### SUPPLIED INFORMATION
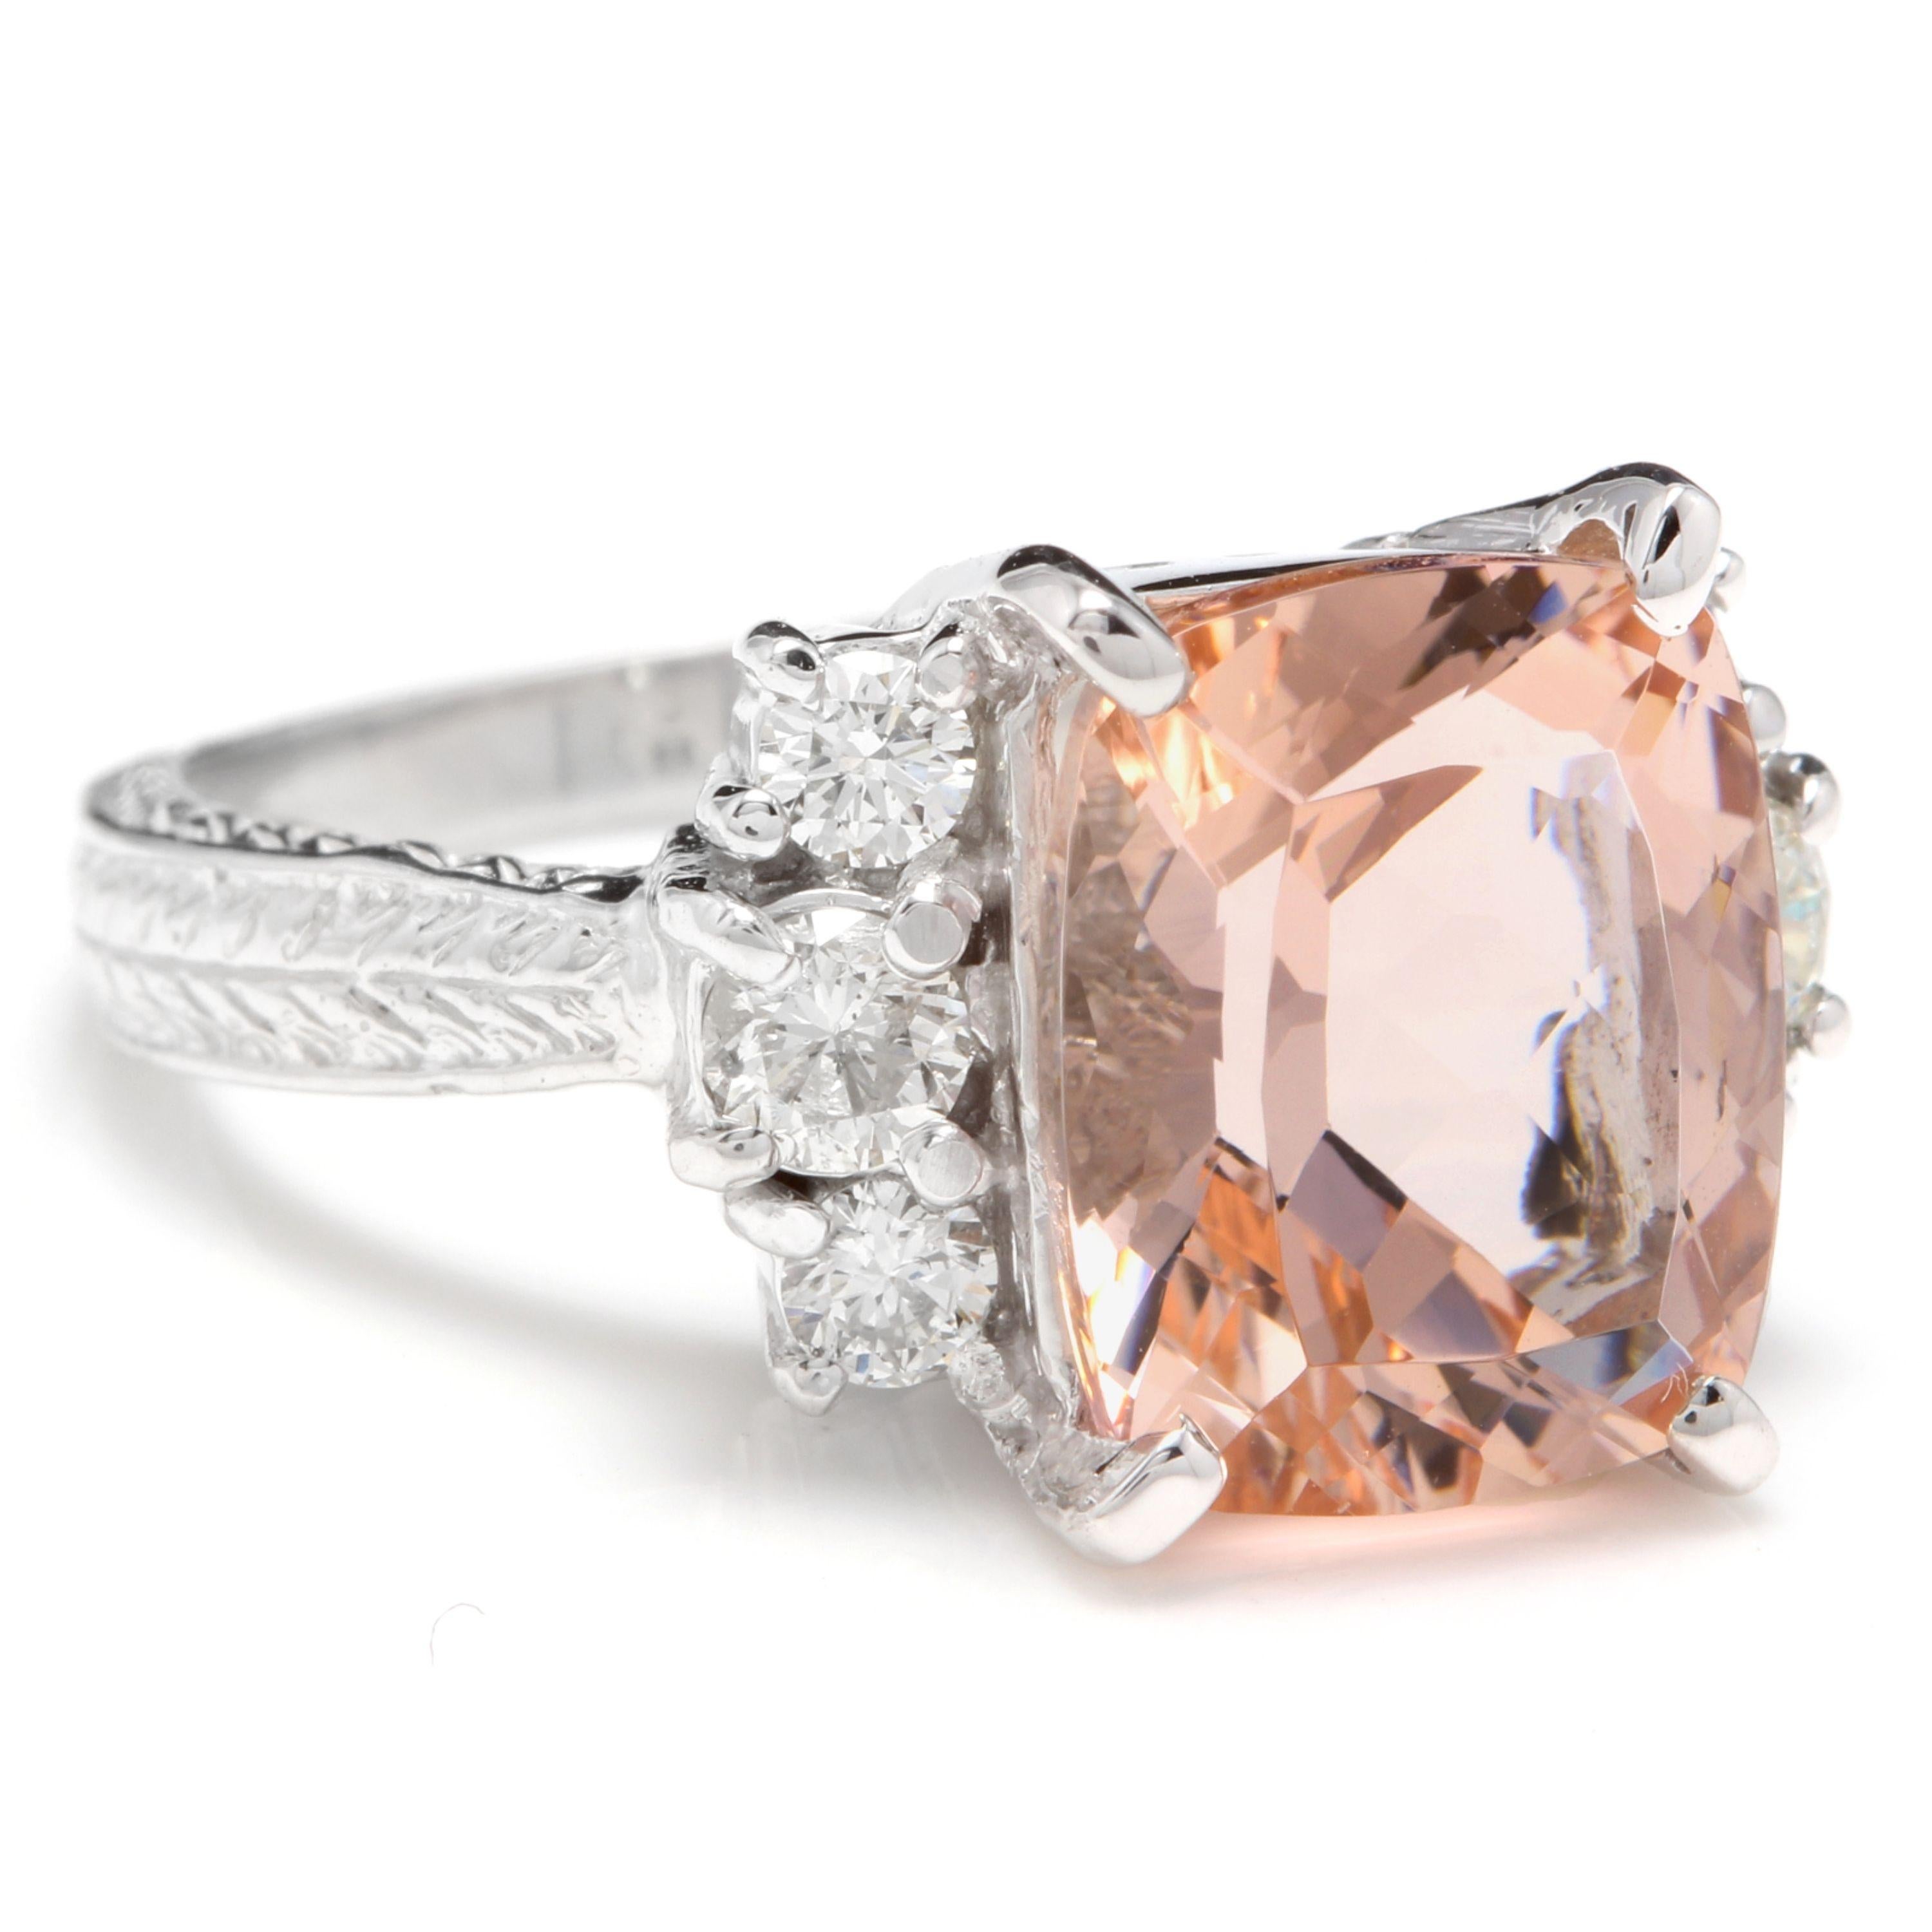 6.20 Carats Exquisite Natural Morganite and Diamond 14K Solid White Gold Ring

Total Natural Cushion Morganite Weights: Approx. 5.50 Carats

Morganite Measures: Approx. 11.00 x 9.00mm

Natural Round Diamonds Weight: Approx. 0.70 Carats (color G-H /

### WHAT THIS TASK INVOLVES
Present each line from the listing that holds the string "Approx".

### SOLUTION BELOW
Total Natural Cushion Morganite Weights: Approx. 5.50 Carats
Morganite Measures: Approx. 11.00 x 9.00mm
Natural Round Diamonds Weight: Approx. 0.70 Carats (color G-H /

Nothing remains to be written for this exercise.